An unusual presentation of rare genodermatosis: Syringocystadenoma papilliferum with squamous cell carcinoma complicating hypertrophic Darier disease

Department of Dermatology, Kunhitharuvai Memorial Charitable Trust Medical College, Kozhikode, Kerala, India.
Department of Dermatology, Iqraa Community Hospital, Malappuram, Kerala, India.
Department of Pathology, Kunhitharuvai Memorial Charitable Trust Medical College, Kozhikode, Kerala, India.

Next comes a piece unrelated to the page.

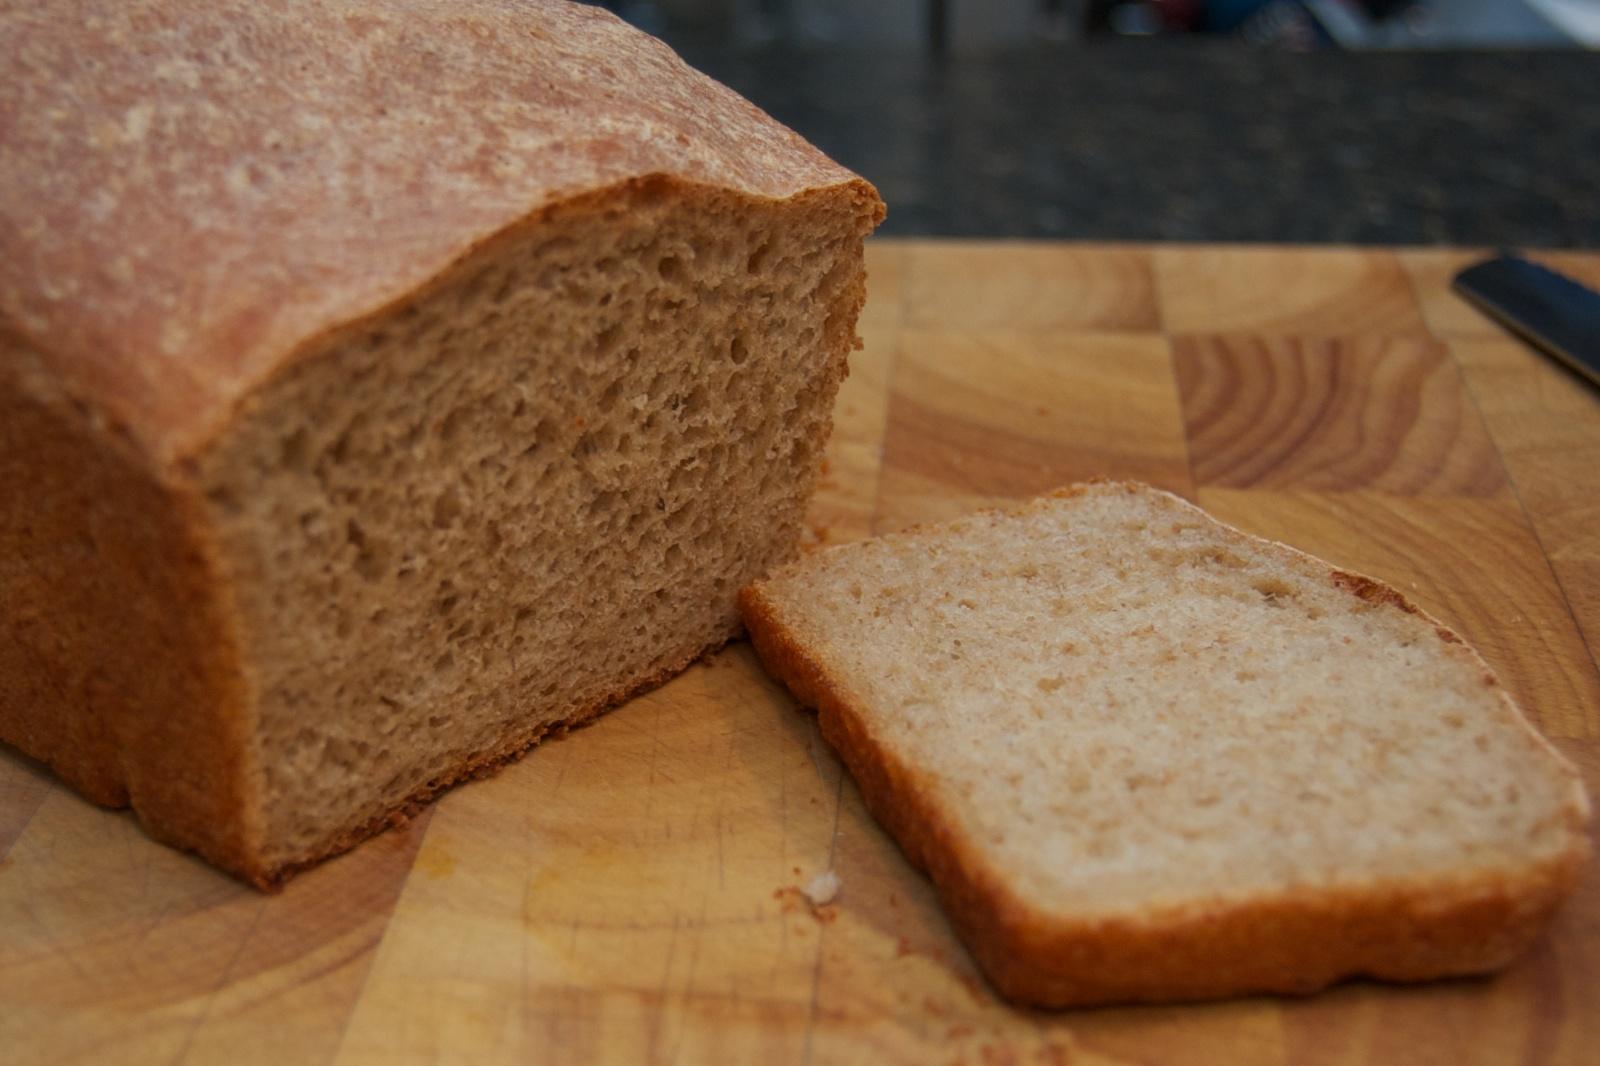 http://blog.rickk.com/food/2010/12/09/multigrain1.jpg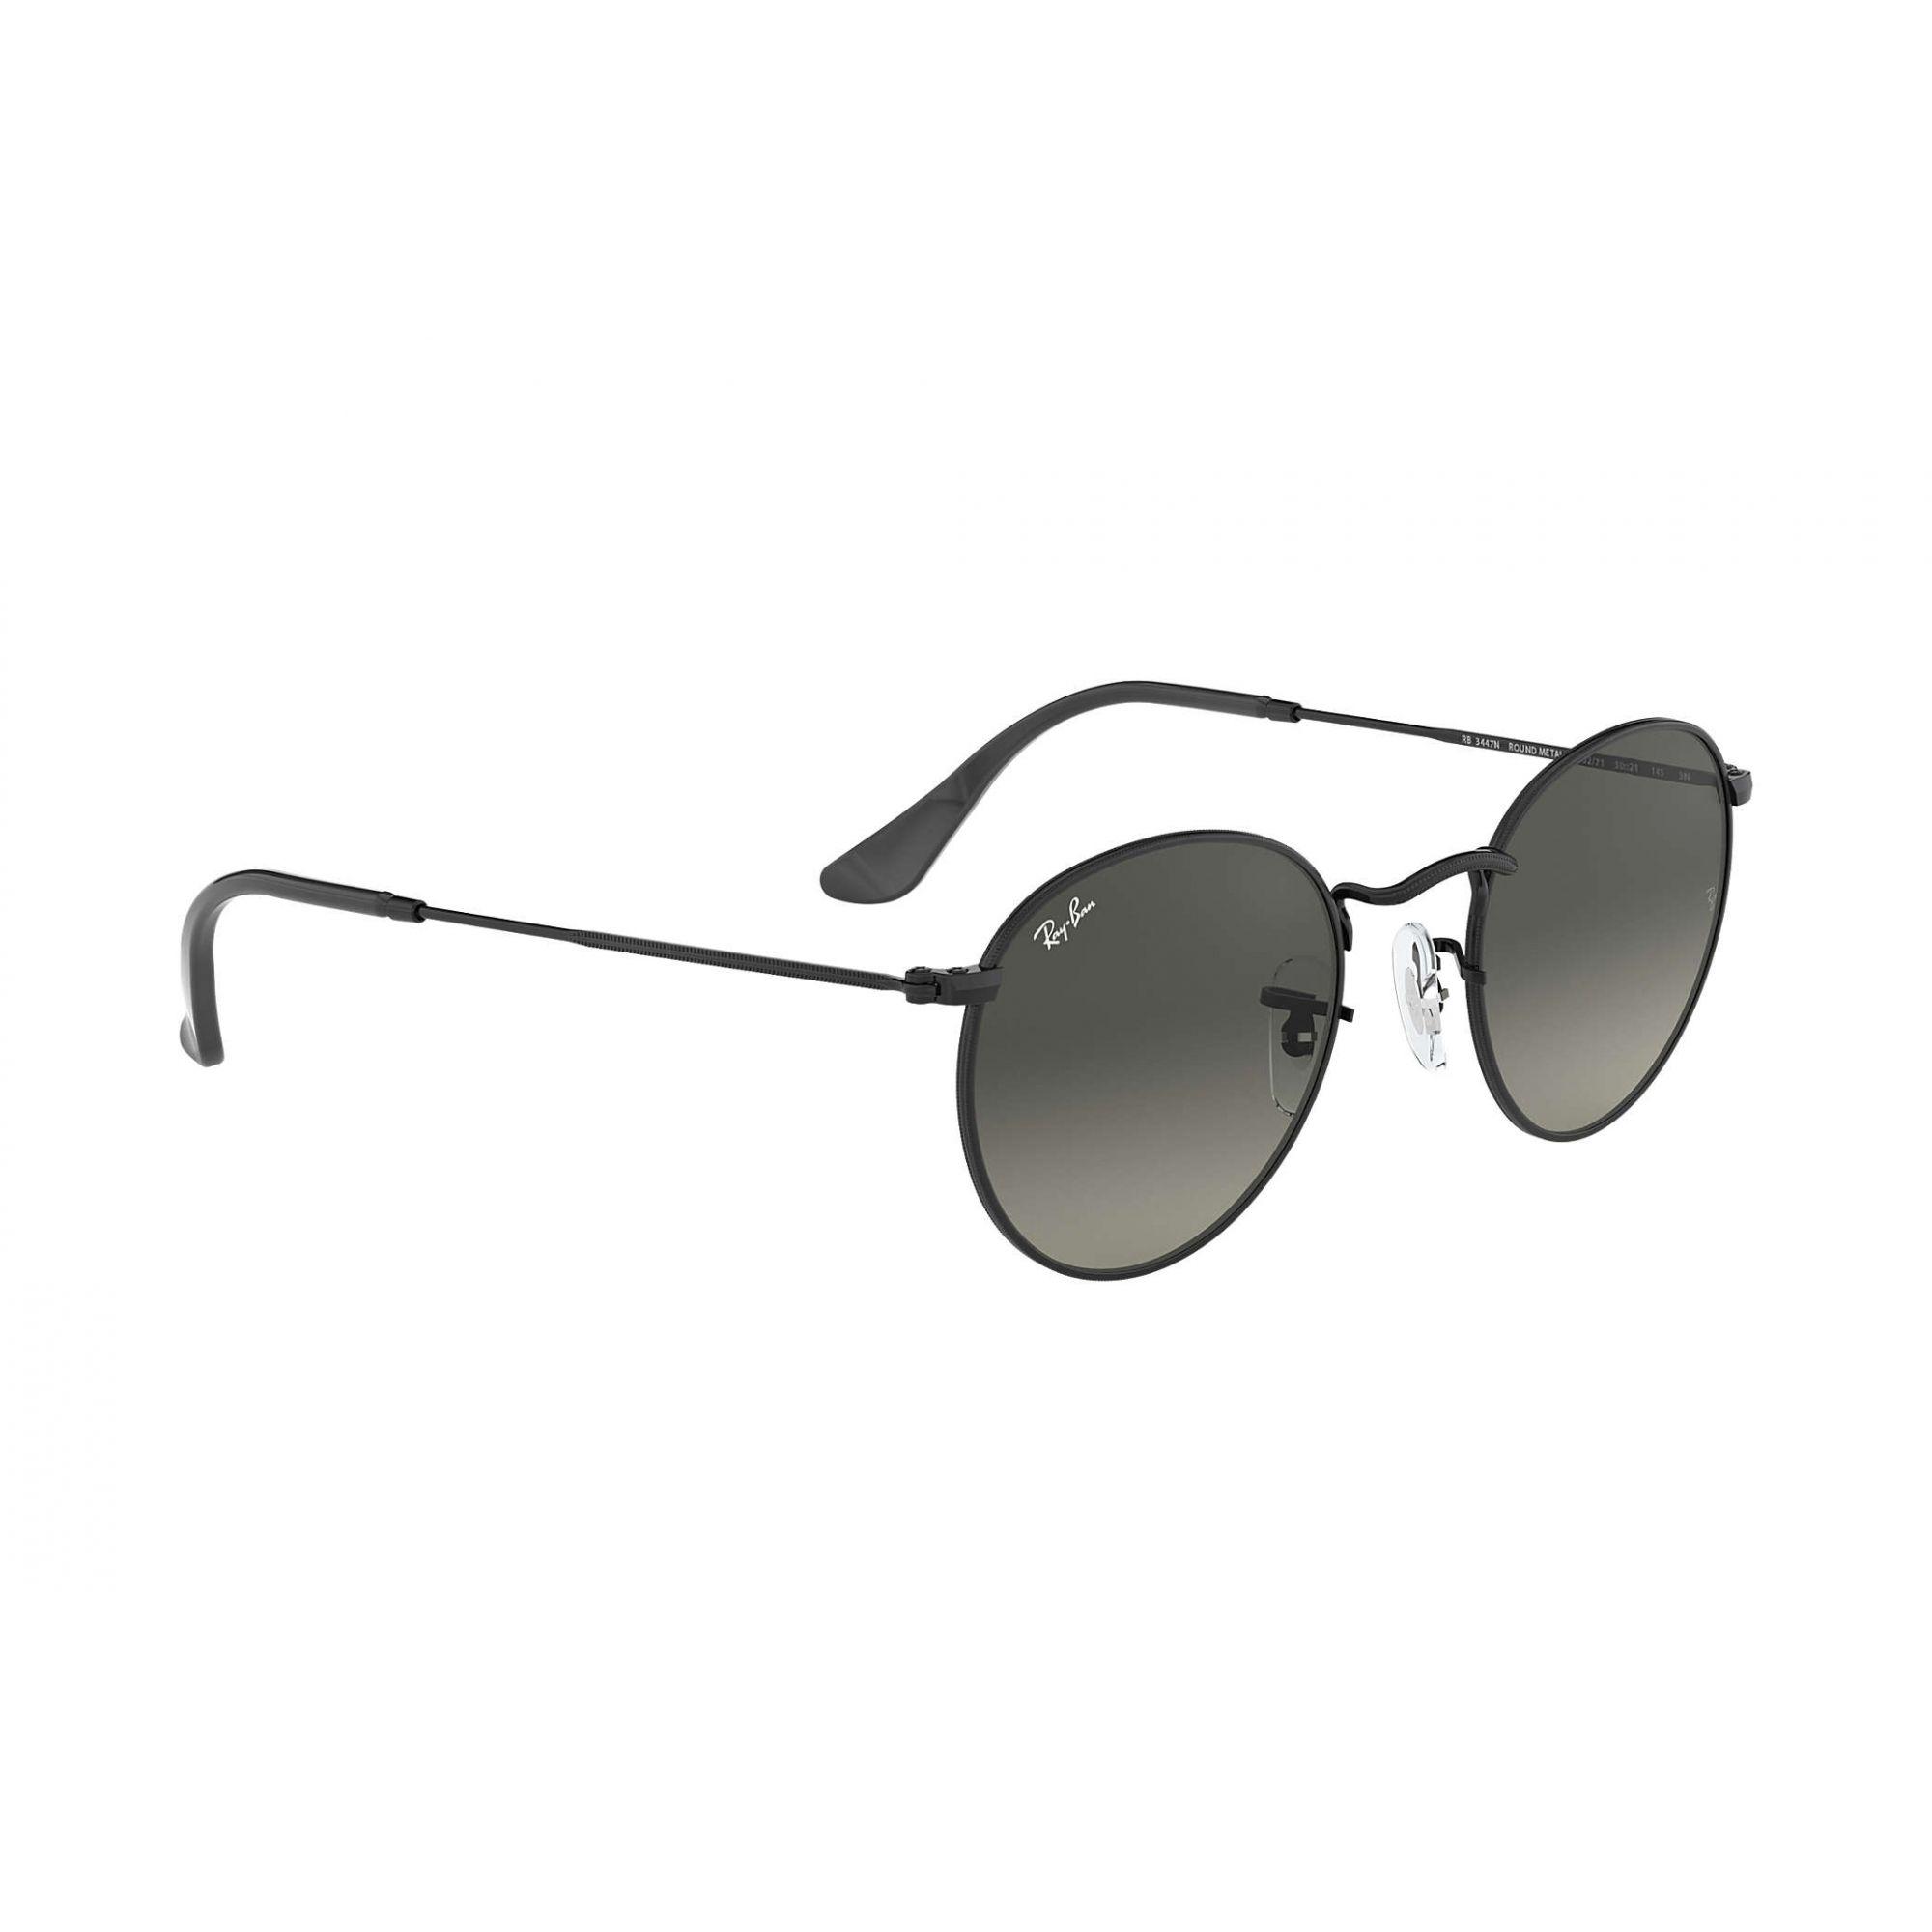 Ray Ban - RB3447NL 00271 - Óculos de sol

*Corresponding author: Joushan Lulu Kuruvadangal, Department of Dermatology, Kunhitharuvai Memorial Charitable Trust Medical College, Kozhikode, Kerala, India. joushankh25@gmail.com

Licence
This is an open-access article distributed under the terms of the Creative Commons Attribution-Non Commercial-Share Alike 4.0 License, which allows others to remix, transform, and build upon the work non-commercially, as long as the author is credited and the new creations are licensed under the identical terms.

How to cite this article: Kuruvadangal JL, Riyaz N, Arakkal FR, Khader RA. An unusual presentation of rare genodermatosis: Syringocystadenoma papilliferum with squamous cell carcinoma complicating hypertrophic Darier disease. J Skin Sex Transm Dis. 2025;7:90-3. doi: 10.25259/JSSTD_60_2025

Abstract

Darier disease (DD) is a rare autosomal dominant genodermatosis affecting approximately 1 in 100,000 individuals, with variable expressivity. It is caused by mutations in the ATP2A2 gene that encodes for sarco/endoplasmic reticulum calcium ATPase pump type 2 isoform. The majority of patients have hyperkeratotic papules with seborrheic predilection. Some individuals may develop greasy hyperkeratotic plaques in their flexures, which may become warty or papillomatous masses that are malodorous and vegetating. Six percent of patients with DD have flexural involvement with hypertrophic plaques. Nearly all instances of hypertrophic DD have basal cell proliferation, which intensifies and becomes more noticeable. Syringocystadenoma papilliferum (SCAP) is a benign adnexal neoplasm associated with nevus sebaceous, which commonly occurs on the scalp and occasionally undergoes malignant transformation into squamous cell carcinoma (SCC). We are reporting a case of hypertrophic DD with coexisting SCAP and SCC.

Keywords

Hypertrophic Darier disease
Squamous cell carcinoma
Syringocystadenoma papilliferum

INTRODUCTION

Darier’s disease (DD), or keratosis follicularis or Darier-White disease, is a rare autosomal dominant genodermatosis with abnormal keratinization and loss of epithelial adhesion.[1,2] It is characterized by hyperkeratotic papules in seborrhoeic areas, with less frequent hypertrophic/vegetative lesions over flexures.[2] We here report a case of hypertrophic DD with verruciform growth showing syringocystadenoma papilliferum (SCAP) with squamous cell carcinoma (SCC).

CASE REPORT

A 45-year-old unmarried manual laborer, born to non-consanguineous parents, presented with generalized progressive hyperkeratotic eruptions with a seborrhoeic predilection for 22 years. Lesions aggravated on sun exposure and occasionally malodorous. He had poor treatment compliance and was on carbamazepine and lorazepam for generalized tonic-clonic seizures since age 18. There were no similar illnesses in the family.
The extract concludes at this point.